The book was sold out on the day of publication.
The publishers were Odhams Press.
Anthony Borgia passed in 1989 at the age of 93.
Posted by: zerdini | September 09, 2012 at 01:07 PM
I know that Borgia's book is supposed to be authentic channeled material, but it reads like fiction to me. Your mileage may vary ...
Posted by: Michael Prescott | September 09, 2012 at 01:32 PM
Borgia also wrote "More about Life in the World Unseen", "Facts" and "Here and Hereafter".
Posted by: zerdini | September 09, 2012 at 03:27 PM
Strangely enough, Borgia's book is actually said to be the most accurate depiction of the Afterlife according to a dead person contacted through automatic writing, as discussed in the book "Across the Line."
Posted by: Kathleen | September 09, 2012 at 05:24 PM
Maybe I should give it another look. I think Richard Matheson drew on it pretty heavily for his novel What Dreams May Come.
Posted by: Michael Prescott | September 09, 2012 at 09:14 PM
Posted by: Roger Knights | September 10, 2012 at 05:01 AM
I don't know about the Amazon lists, but many of these books are quite old and long out of print, so they won't show up on any retailer's site.

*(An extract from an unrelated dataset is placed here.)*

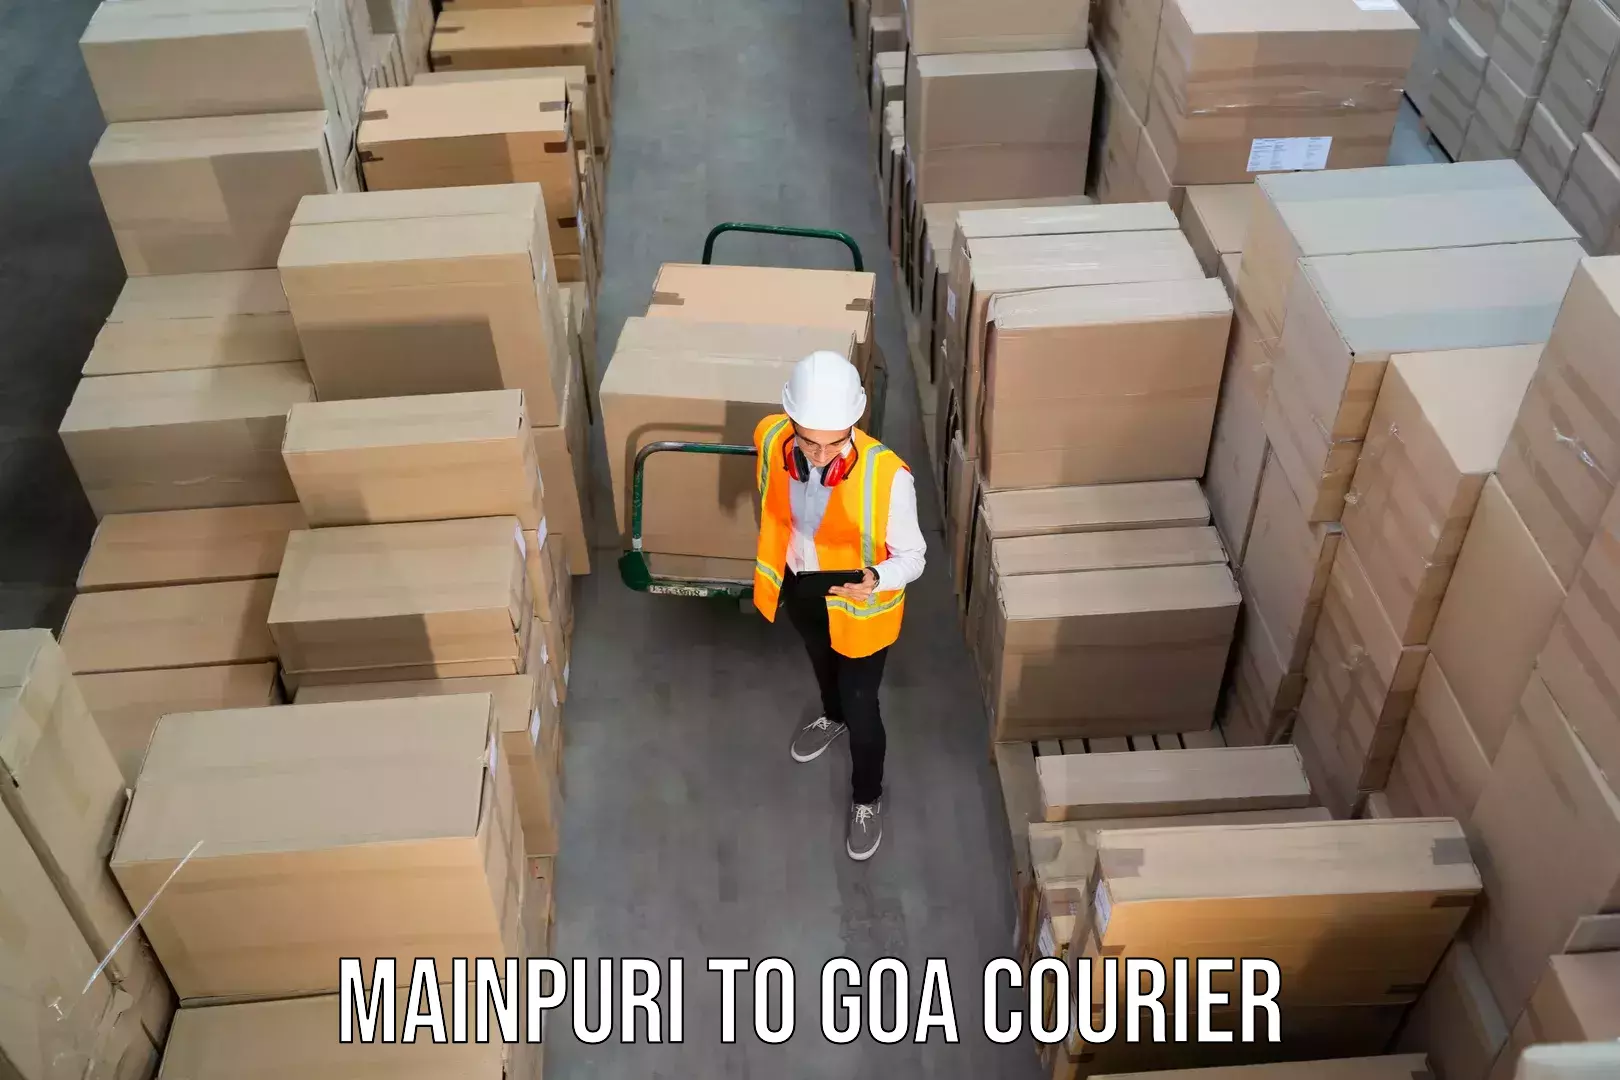 Multi-city courier Mainpuri to Panjim

Posted by: Michael Prescott | September 10, 2012 at 12:09 PM
A lot of these older books are off of copyright and can be downloaded for free. Go to this url to download Borgia and more: http://www.ghostcircle.com/_ebooks.html There's a bunch of other free books describing the Afterlife, too.
Posted by: Kathleen | September 11, 2012 at 07:33 PM
A huge afterlife library to read free online: spiritwritings.com
(The link is not working right now, but I've encountered that before and it's always come back later.)

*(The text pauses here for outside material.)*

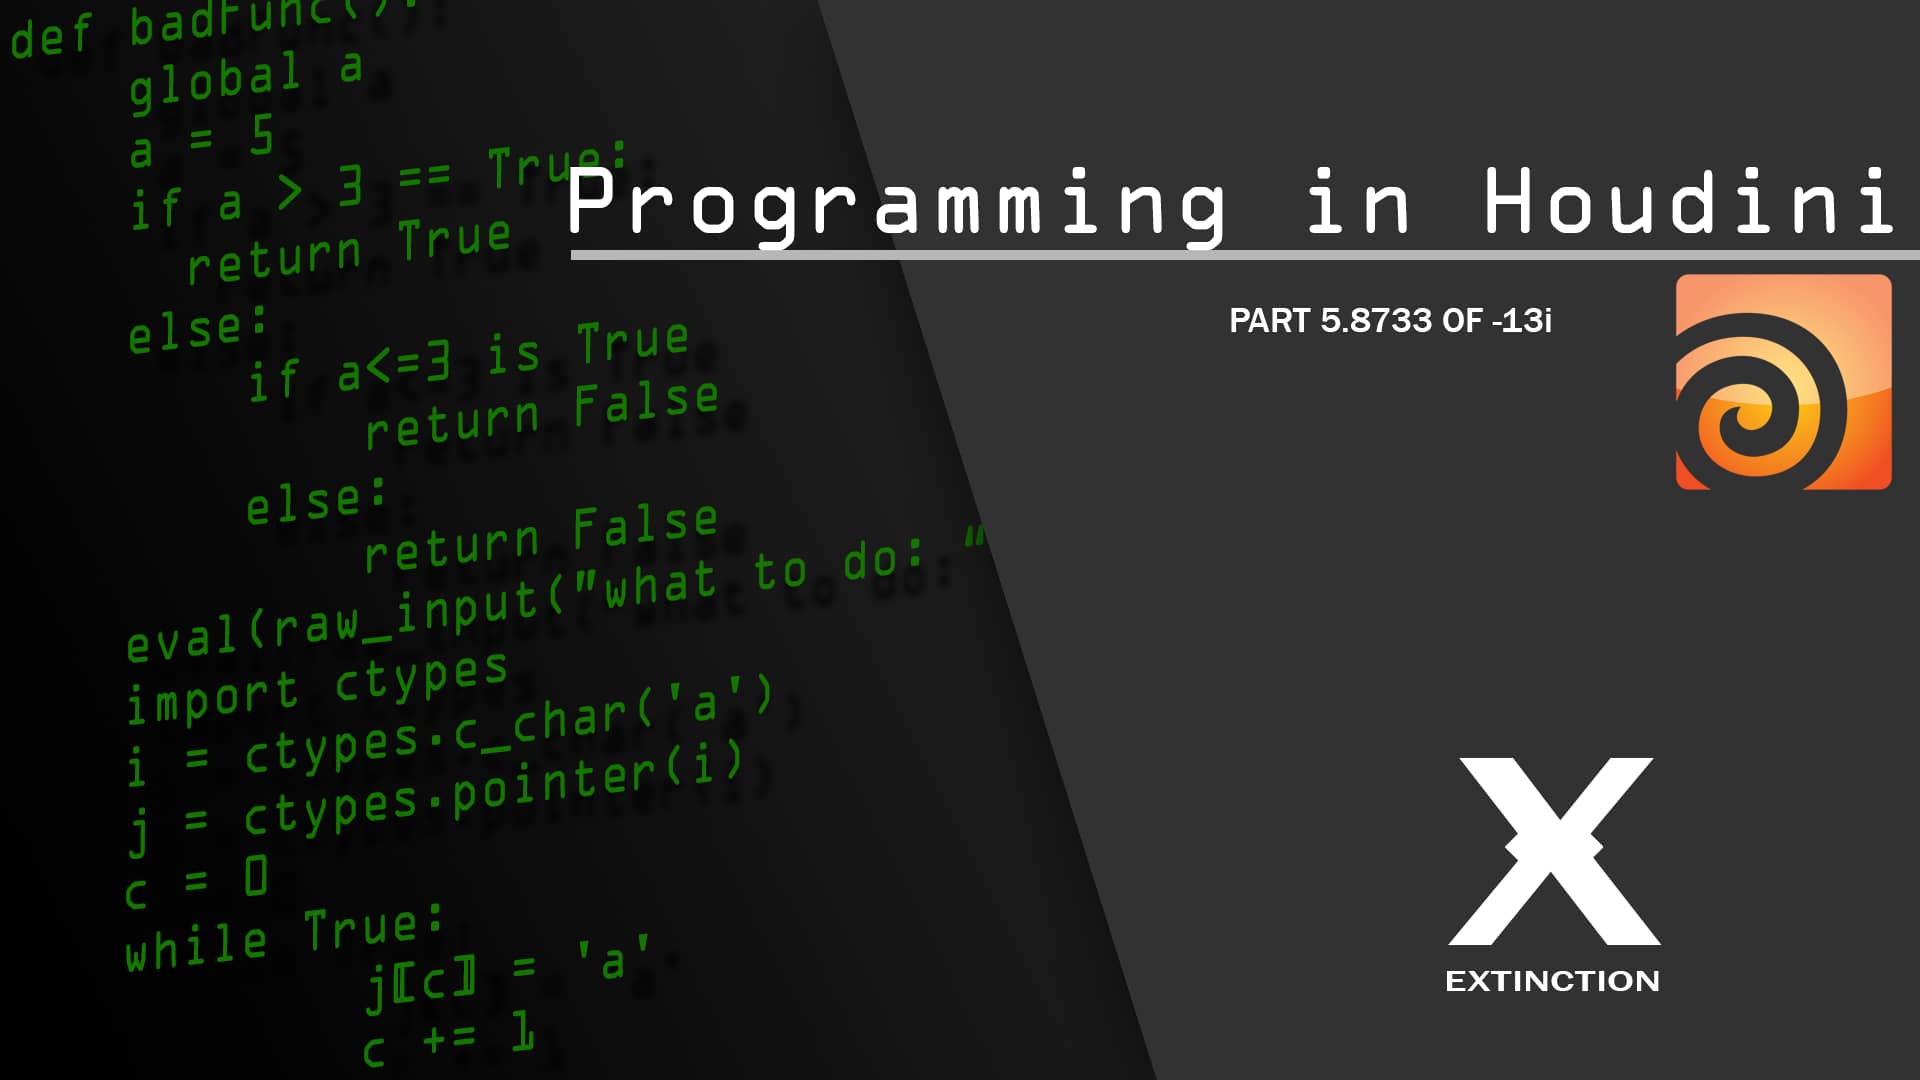 Else false. Return Programming.

I must have read several score books from there.
Posted by: Ginny | September 11, 2012 at 10:06 PM
Thanks, Ginny and Kathleen!
Posted by: Michael Prescott | September 12, 2012 at 12:31 AM
A bunch of great free books here too (I especially recommend the Charles Drayton Thomas ones):
http://www.survivalafterdeath.info/library.htm
Posted by: Ginny | September 12, 2012 at 01:50 AM
I really love Sir William Barrett's book Death Bed Visions. It's at the link that Ginny shared with us.
http://www.survivalafterdeath.info/books/barrett/dbv/contents.htm
This is a really positive and uplifting book that if you want to feel good about life I highly recommend you read. It's only about 26 pages long but I think it's some of the best 26 pages I've ever read. It's not a long read.